A Race Apart: Insularity and Connectivity

Published online by Cambridge University Press:  18 February 2014

Barry Cunliffe
Affiliation:
Institute of Archaeology, 36 Beaumont St, Oxford OX1 2PG

Abstract

This paper seeks to re-examine the long-held view that the Celtic language developed somewhere in west central Europe and was carried westwards to the Atlantic zone, eventually reaching Ireland. An overview of the archaeological evidence for Atlantic connectivity illustrates the longue durée of community interactions along the seaways, beginning around 9000 BC, to the second quarter of the 3rd millennium. At this time mobility increased dramatically and it has been shown clearly that the Maritime Bell Beaker package spread eastwards to impact on and interact with the Battle Axe/Corded Ware tradition. Connectivity was at its most intense during the subsequent Atlantic Bronze Age until, from the 8th century BC, what had been a unified zone began to fragment into a series of regional systems. This broad archaeological scenario, with its firm chronological framework, receives more support from recent DNA studies than does the previous view, which drew heavily on ancient and (now) antiquarian views of Celticness and invasion hypotheses. It is posited that the Celtic language could in fact have emerged in the Atlantic zone and spread eastwards.

Résumé

Cette étude a été présentée comme 17ème conférence Europa en mai 2008.
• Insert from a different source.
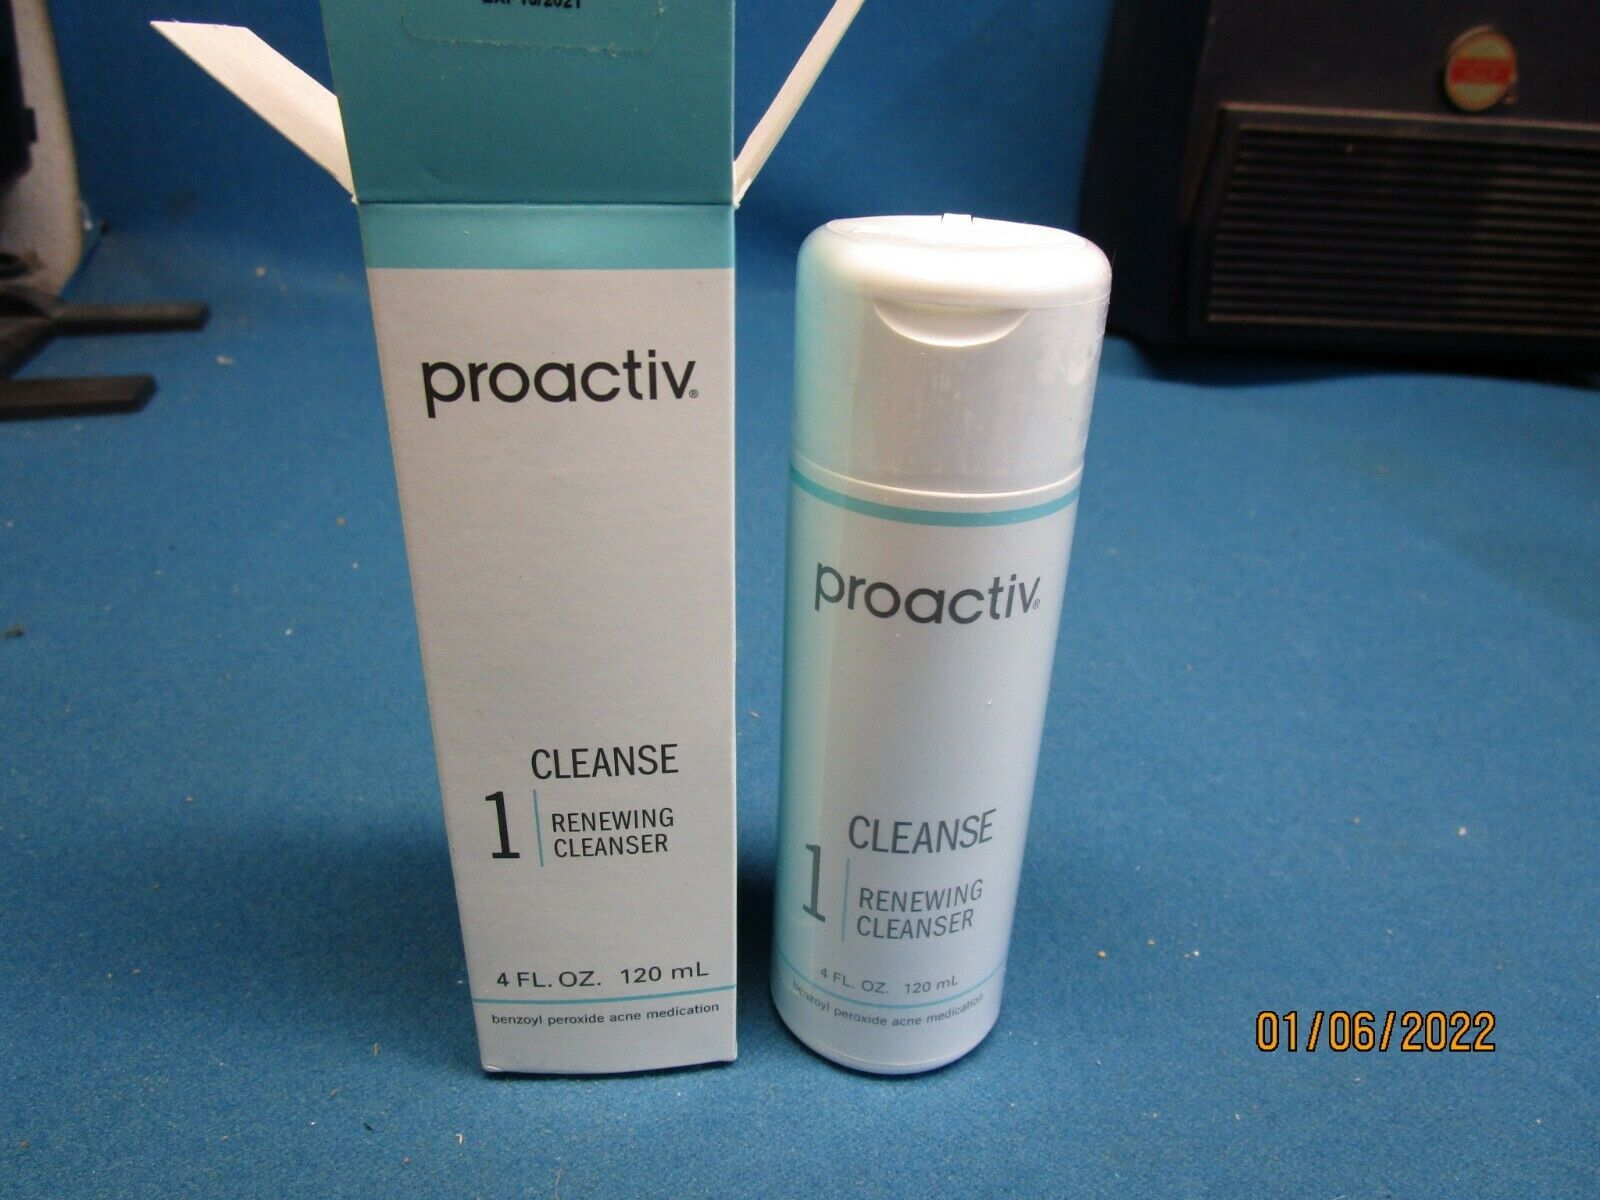 Proactiv #1 Renewing Cleanser 4 fl. oz. New Unopened EXPIRED 10/2021

Cette étude cherche à ré-examiner le point de vue, accepté depuis longtemps, que la langue celte s'est développée quelque part dans l'ouest de l'Europe Centrale et à été emportée vers l'ouest jusqu'à la zone atlantique pour éventuellement atteindre l'Irlande. Une vue d'ensemble des vestiges archaéologiques pour la connectivité atlantique illustre la longue durée des interactions entre les communautés le long des voies martitimes, commençant vers 9000 av. J.-C., jusqu'au second quart du troisième millénaire. A cette époque, la mobilité a énormément augmenté et il a été clairement montré que le faciès campaniforme maritime s'est répandu vers l'est et a eu un impact et une interaction avec la culture des haches de guerre/poterie cordée. La connectivité était à son plus intense pendant l'âge du bronze atlantique qui a suivi jusqu'à ce que, à partir du 8ème siècle av.J.-C., ce qui avait été une zone unifiée commence à se fragmenter en une série de systèmes régionaux. Ce vaste scénario archéologique, avec son solide cadre chronologique, est davantage soutenu par les récentes études d'ADN que ne l'était la précédente théorie, qui reposait lourdement sur des notions anciennes et (maintenant) désuètes de celticité et des hypothèses d'invasion. On présume que la langue celte aurait pu, en fait, apparaître dans la zone atlantique et se propager vers l'est.

Résumen

Esta ponencia fue presentada como la 17a Conferencia Europa, en mayo 2008.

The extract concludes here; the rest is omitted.